- _Exercise instructions_: Repeat the entire listing exactly. Omit all pictures.

- _Supplied information_:
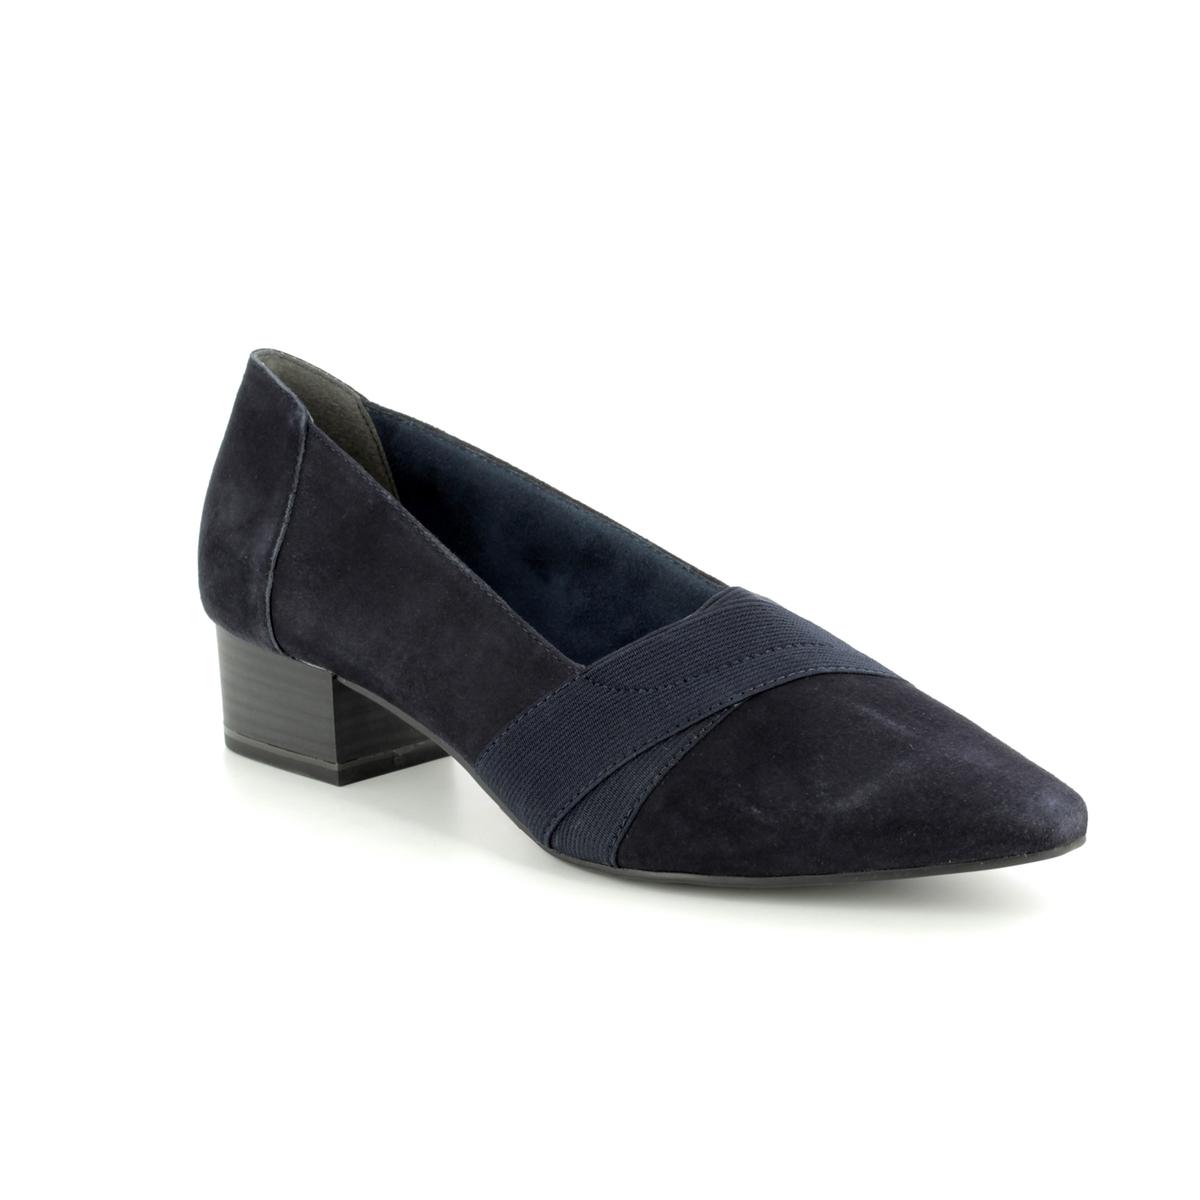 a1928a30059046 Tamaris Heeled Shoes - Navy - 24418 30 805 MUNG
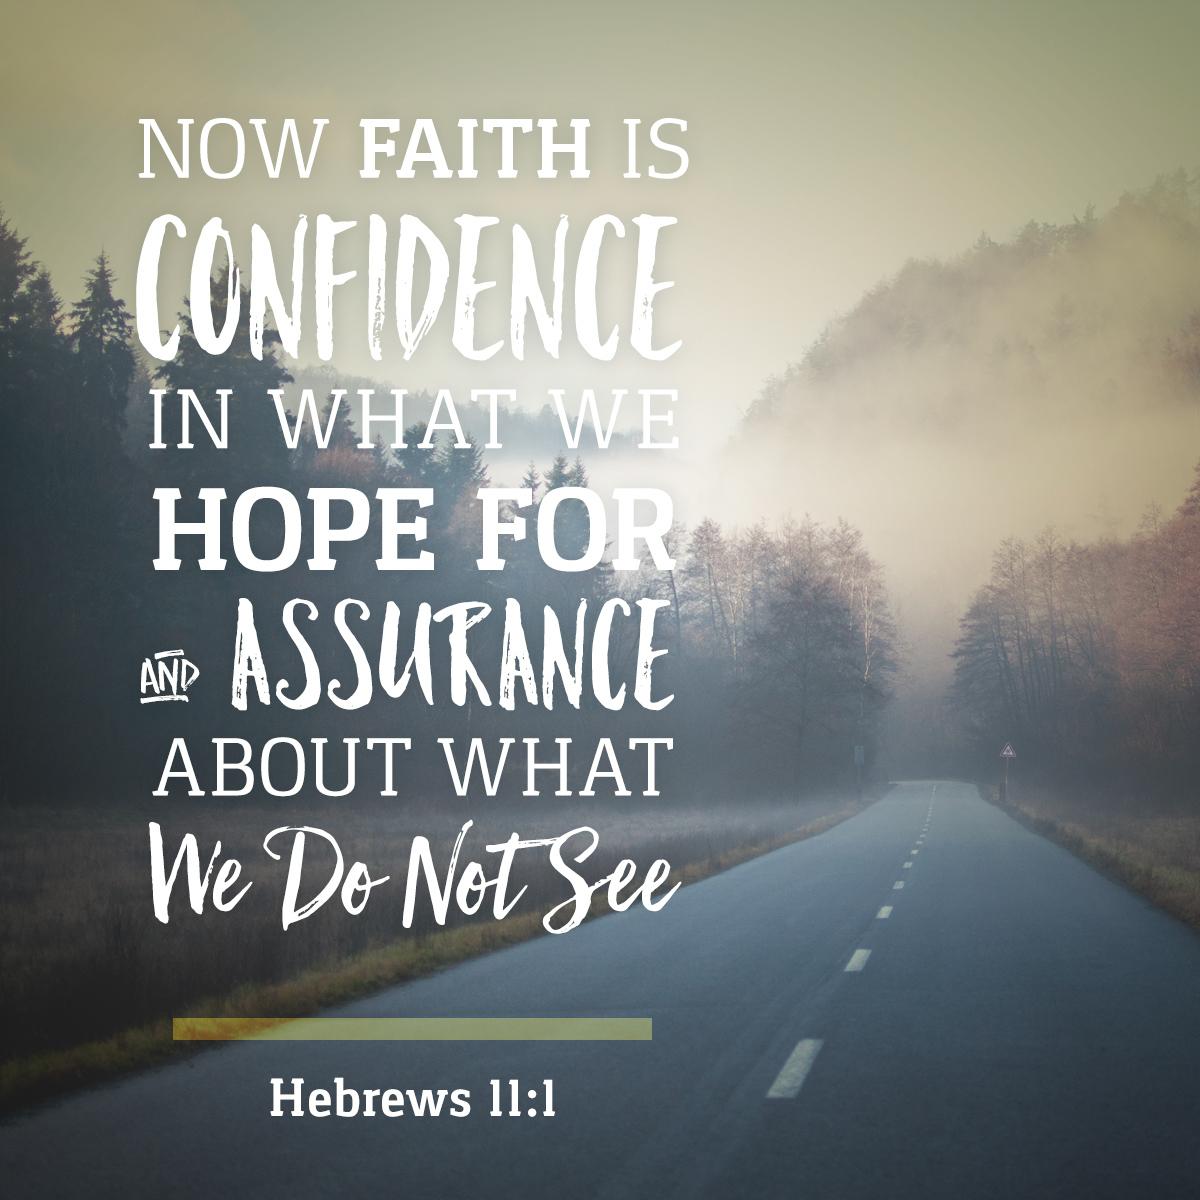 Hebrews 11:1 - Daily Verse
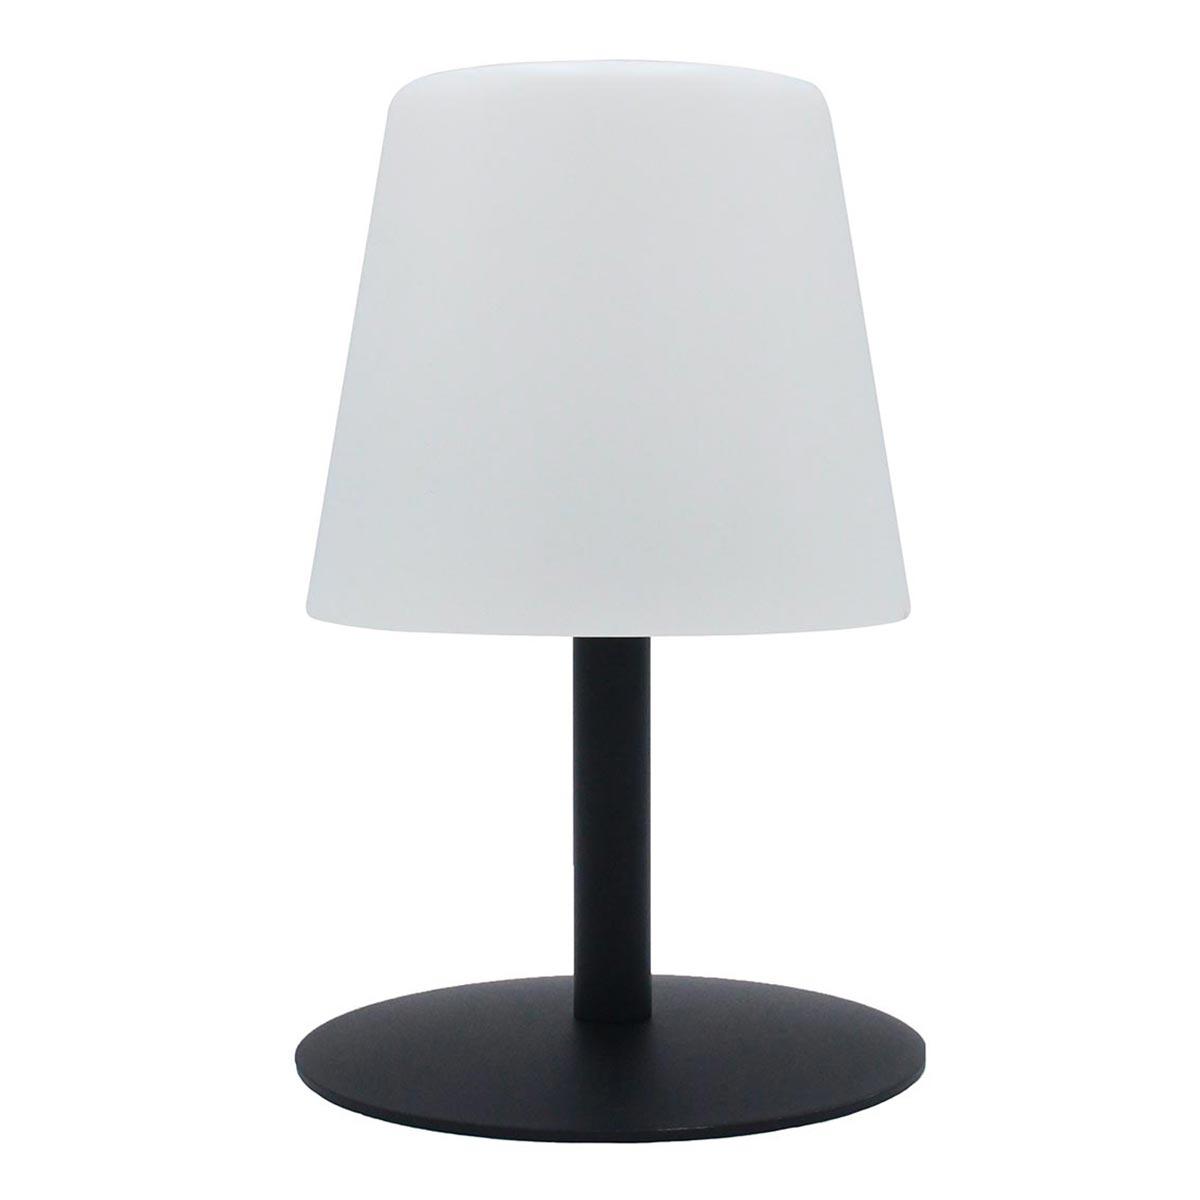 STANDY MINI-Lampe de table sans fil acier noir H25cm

- _Result_:
 a1928a30059046 Tamaris Heeled Shoes - Navy - 24418 30 805 MUNG
 Hebrews 11:1 - Daily Verse
 STANDY MINI-Lampe de table sans fil acier noir H25cm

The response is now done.